__What to do__:
Would you give the listing back word for word once its pictures are removed?

__Data provided__:
※
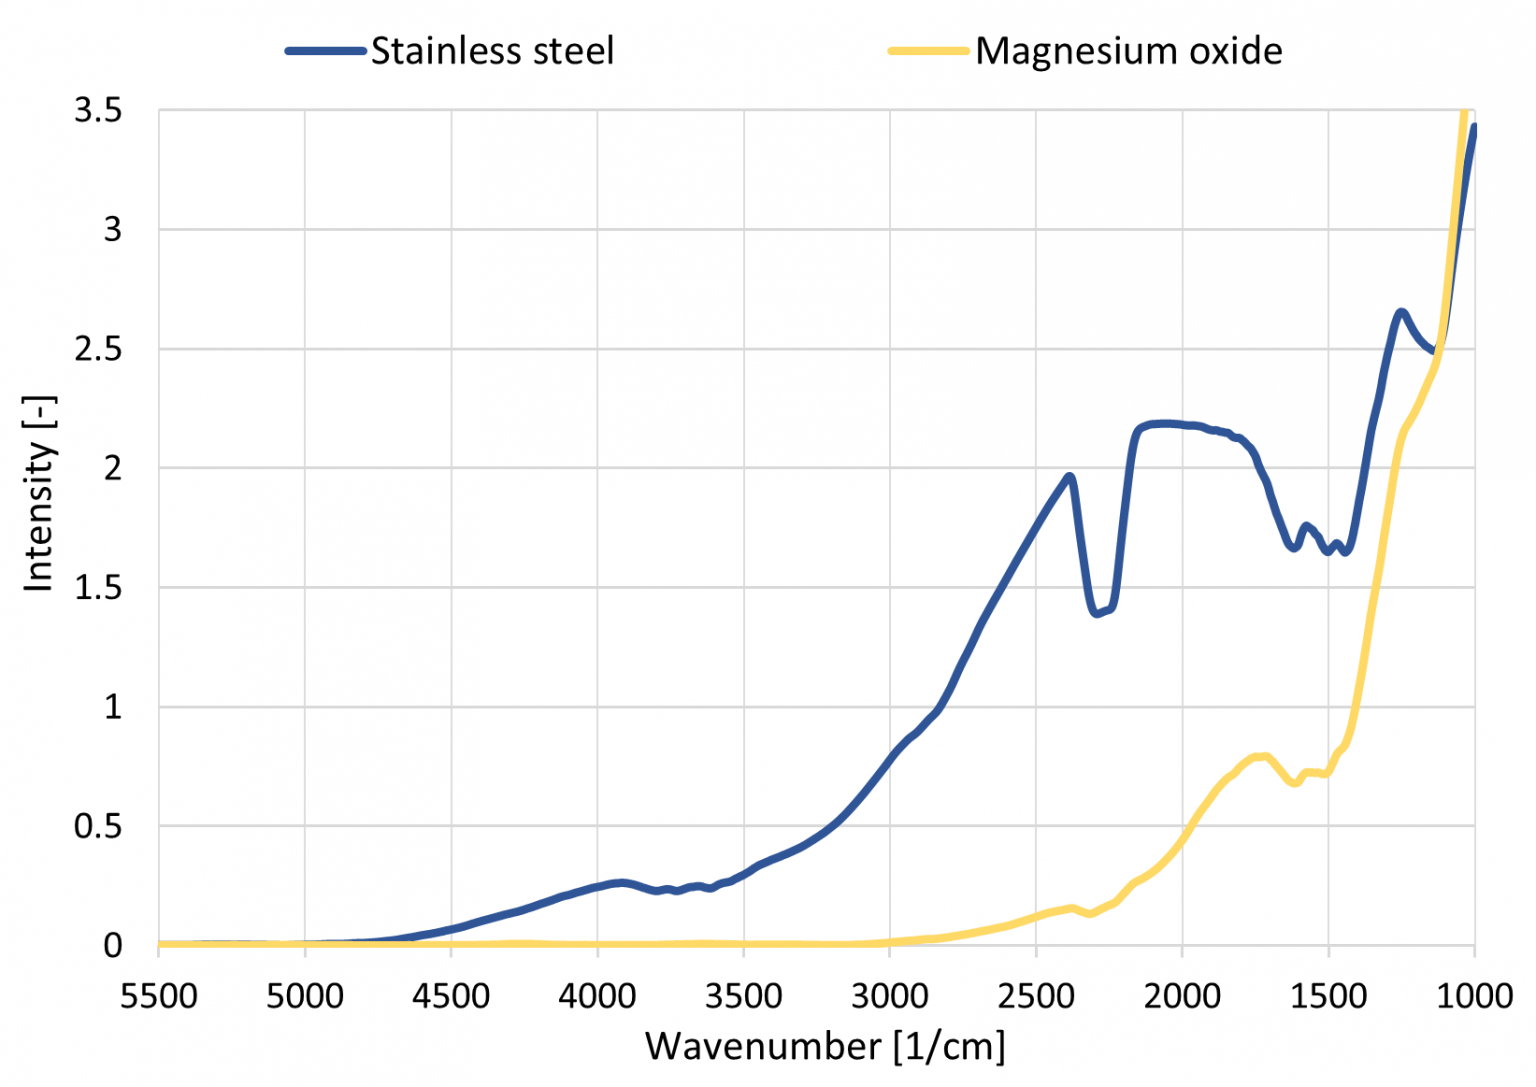 Comparison of the radiation intensities of stainless steel/magnesium oxide at the same
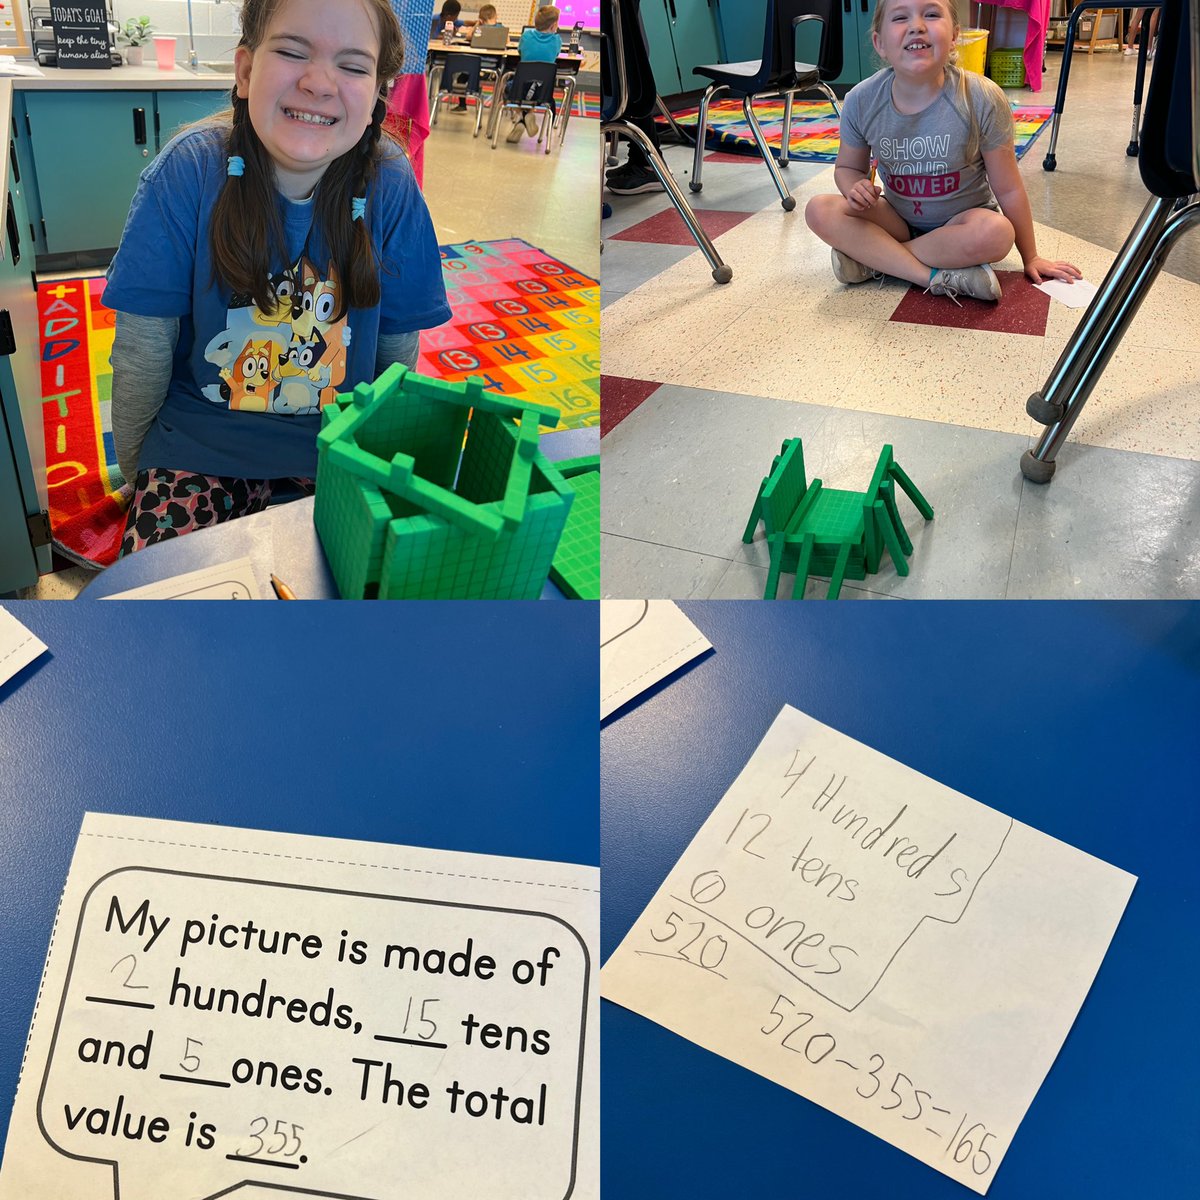 In math today we made houses from base ten blocks to model 3-digit subtraction sentences! #aacpsawesome
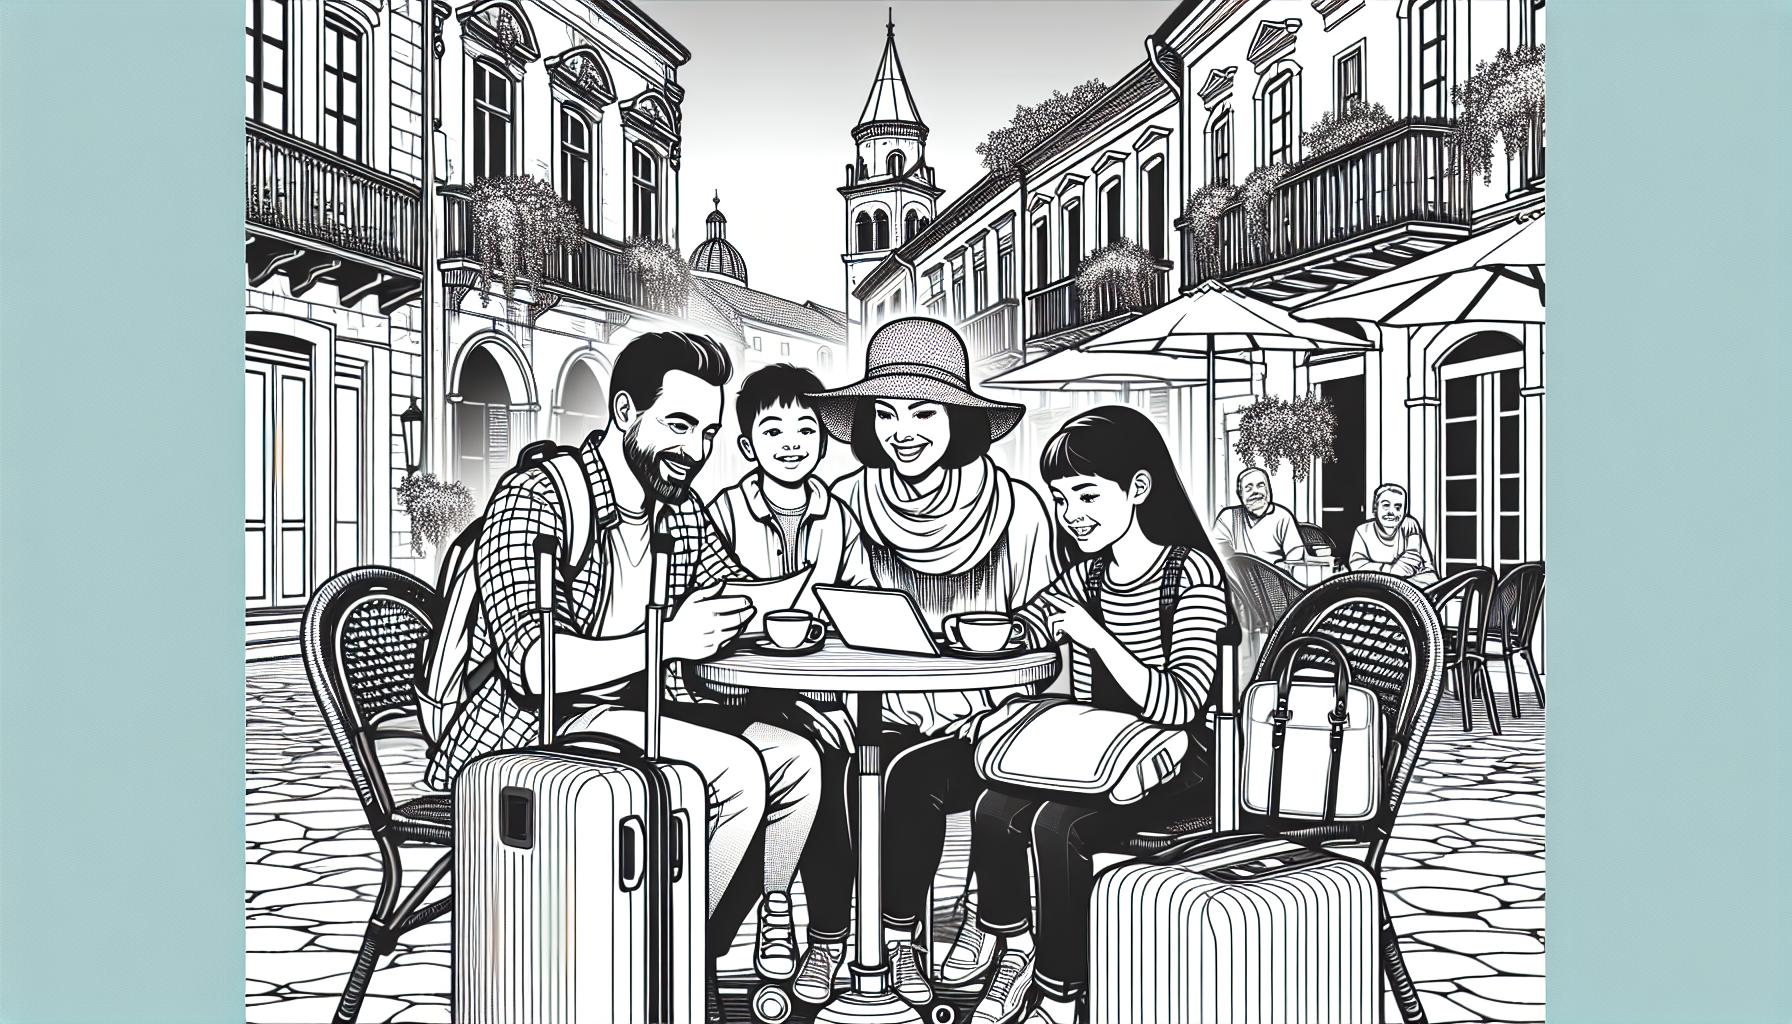 Destinations The Best Digital Nomad Countries For Families ReallyRemoteWorker Explore the best countries for digital nomad families. Learn about vital considerations like local laws, family-friendly accommodations, and building connections with other nomads. Get wise tips for smoother transitions and making precious memories in your nomadic journey.
※
__Answer below__:
 Comparison of the radiation intensities of stainless steel/magnesium oxide at the same
 In math today we made houses from base ten blocks to model 3-digit subtraction sentences! #aacpsawesome
 Destinations The Best Digital Nomad Countries For Families ReallyRemoteWorker Explore the best countries for digital nomad families. Learn about vital considerations like local laws, family-friendly accommodations, and building connections with other nomads. Get wise tips for smoother transitions and making precious memories in your nomadic journey.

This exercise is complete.